Schüttler-Kenner Hordorff über Kerber-Coach: "Rainer und Angie sprechen die gleiche Sprache"
Kaum ein Zweiter kennt den neuen Coach von Angelique Kerber so gut wie Dirk Hordorff. Der bestens vernetzte Bad Homburger hat Rainer Schüttler (42) während seiner gesamten Profikarriere betreut. Heute ist Hordorff der Patenonkel von Schüttlers zweijährigem Sohn Noah. Im tennisnet-Interview spricht der DTB-Vizepräsident über seinen ehemaligen Schützling - und einen besonderen Muskelkater-Streich.
von Ulrike Weinrich
zuletzt bearbeitet:
14.11.2018, 15:24 Uhr
Von Ulrike Weinrich
tennisnet: "Herr Hordorff, was glauben Sie, warum aus der Zusammenarbeit zwischen Angelique Kerber und Rainer Schüttler eine Erfolgsstory werden könnte?"
Dirk Hordorff: "Rainer ist mit Sicherheit einer der Tennisfachleute, die man sich nur wünschen kann, wenn man einen Trainer sucht. Er hat 20 Jahre selbst gespielt. Und er hat bei den Grand-Slam-Turnieren, also jenen Tournaments, bei denen Angie gerne gut spielen möchte, genug Erfahrungen gesammelt. Sie sprechen die gleiche Sprache."
"Ich glaube, sie passen auch menschlich gut zueinander"
tennisnet: "Für viele kam die Wahl von Kerber überraschend. Was denken Sie, was sprach für Schüttler?"
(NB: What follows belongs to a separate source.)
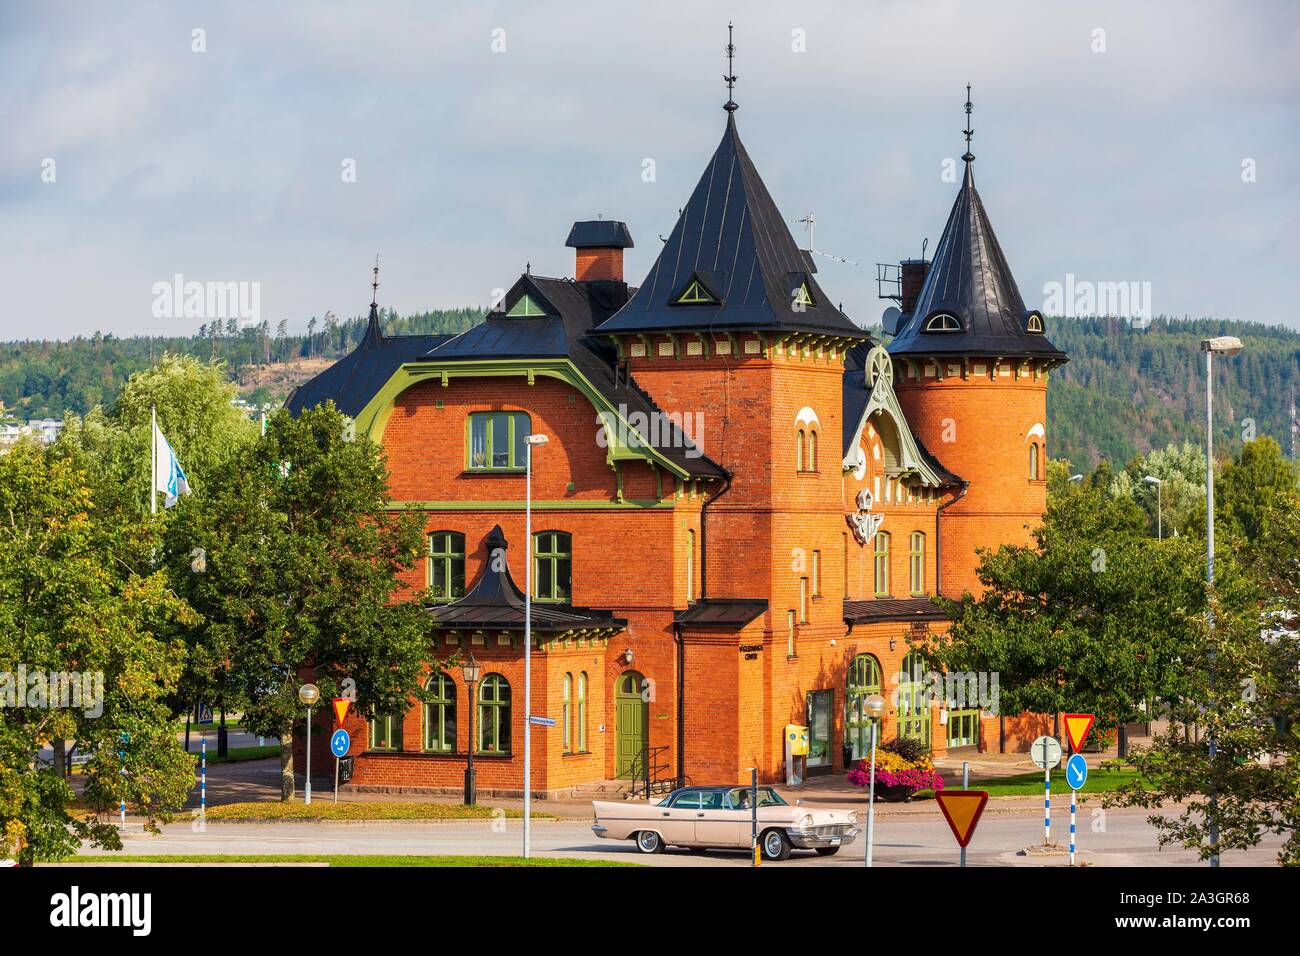 Sweden, County of Vastra Gotaland, Ulricehamn, old train station Stock Photo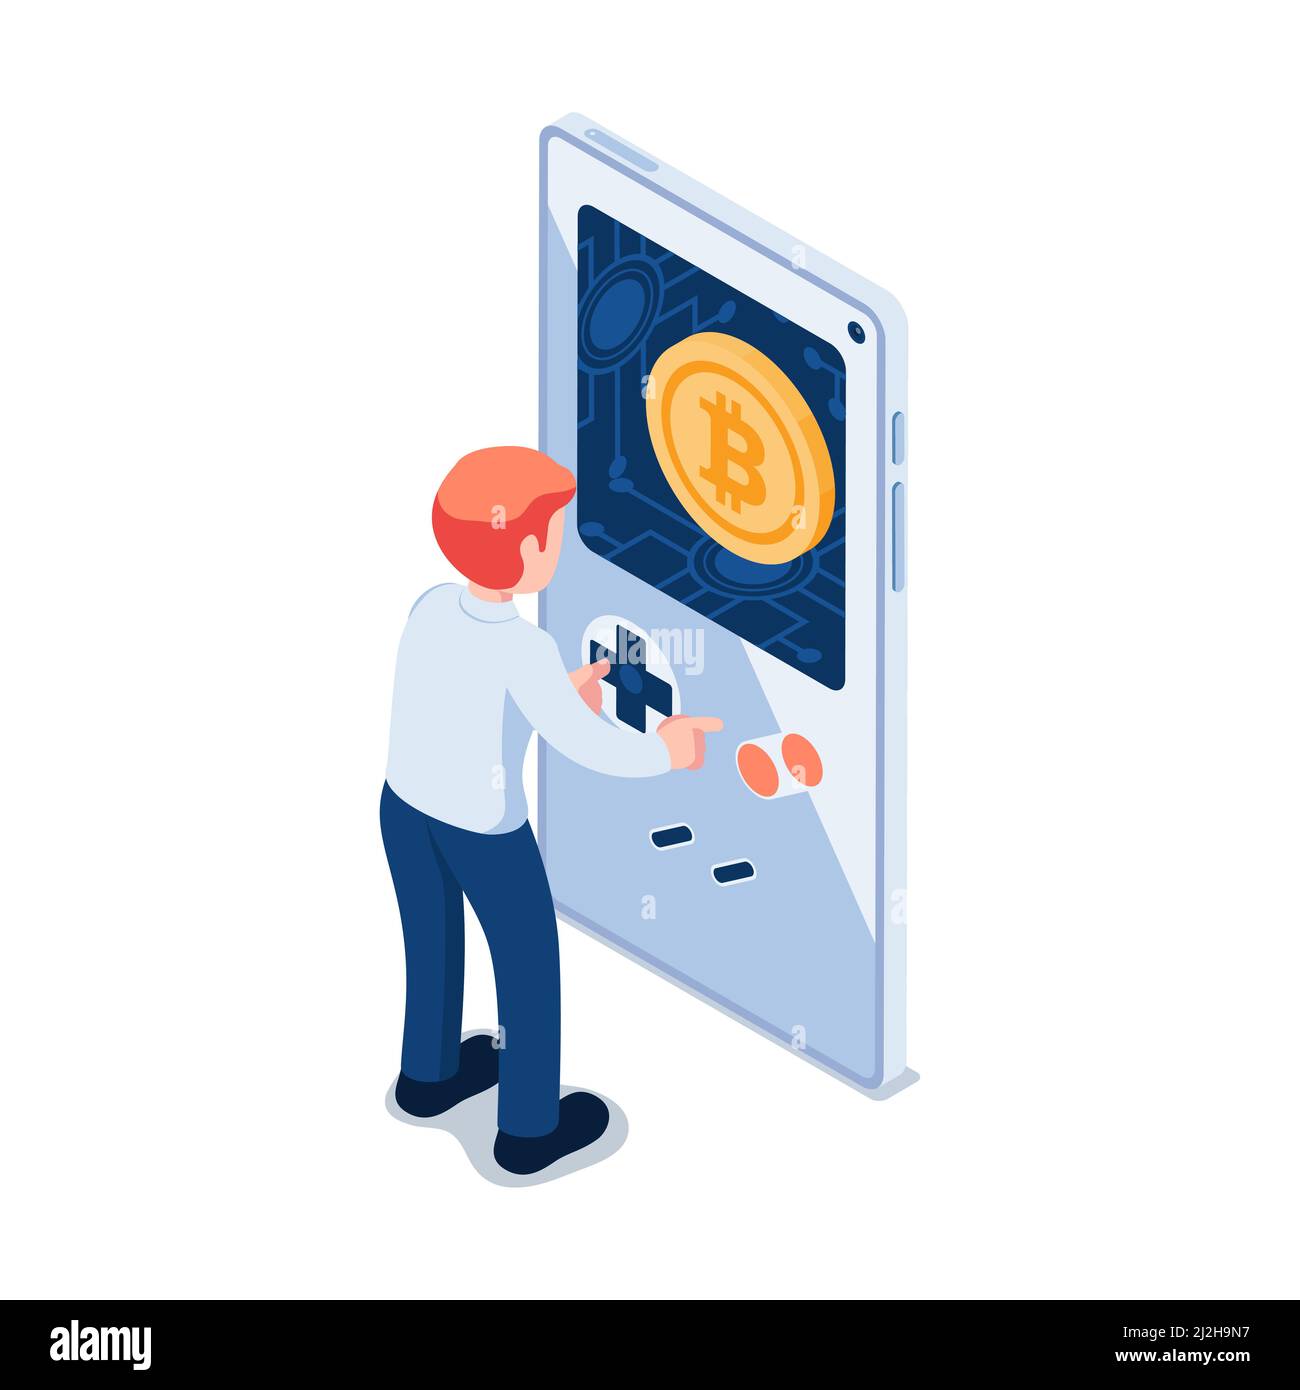 Flat 3d Isometric Businessman Playing Games on Smartphone and Earn Bitcoin. Play to Earn Concept. Stock Vector

Dirk Hordorff: "Wenn es jemanden gibt, der Tennis in all seinen Facetten erlebt hat, dann ist es Rainer. Er hatte zur damaligen Zeit eine der längsten Laufbahnen im Herrenbereich. Ich glaube, dass sie auch menschlich gut zueinander passen. Es gibt bei mir eigentlich nur die positive Überzeugung, dass das klappen wird."
tennisnet: "Schüttler hat keine Erfahrung als Frauen-Coach. Ist das ein Manko - oder kann es auch eine Chance sein?"
Dirk Hordorff: "Der einzige, an den ich mich erinnere, der zuletzt eine Frau (Simona Halep/Anmerkg. d. Redaktion) trainiert hat und vorher noch keine Erfahrung auf der Damen-Tour hatte, war Darren Cahill. Er kam damals von Lleyton Hewitt und von Andre Agassi. Und er hat dann festgestellt, dass die Damen zwei Beine, zwei Arme haben und mit runden gelben Bällen Tennis spielen."
Für keine andere Spielerin wäre Schüttler auf die Damen-Tour gewechselt
tennisnet: "....also rechnen Sie nicht mit Anpassungsproblemen?"
Dirk Hordorff: "Nein, ich sehe seine fehlende Erfahrung im Damen-Bereich überhaupt nicht als Problem an. Rainer wird sehr schnell wissen, welche Spielerin im WTA-Circuit welche Stärken und Schwächen hat. Wenn er es nicht sogar jetzt schon weiß, denn er ist ein akribischer Arbeiter, der seine Hausaufgaben auch in der Vergangenheit immer gemacht hat."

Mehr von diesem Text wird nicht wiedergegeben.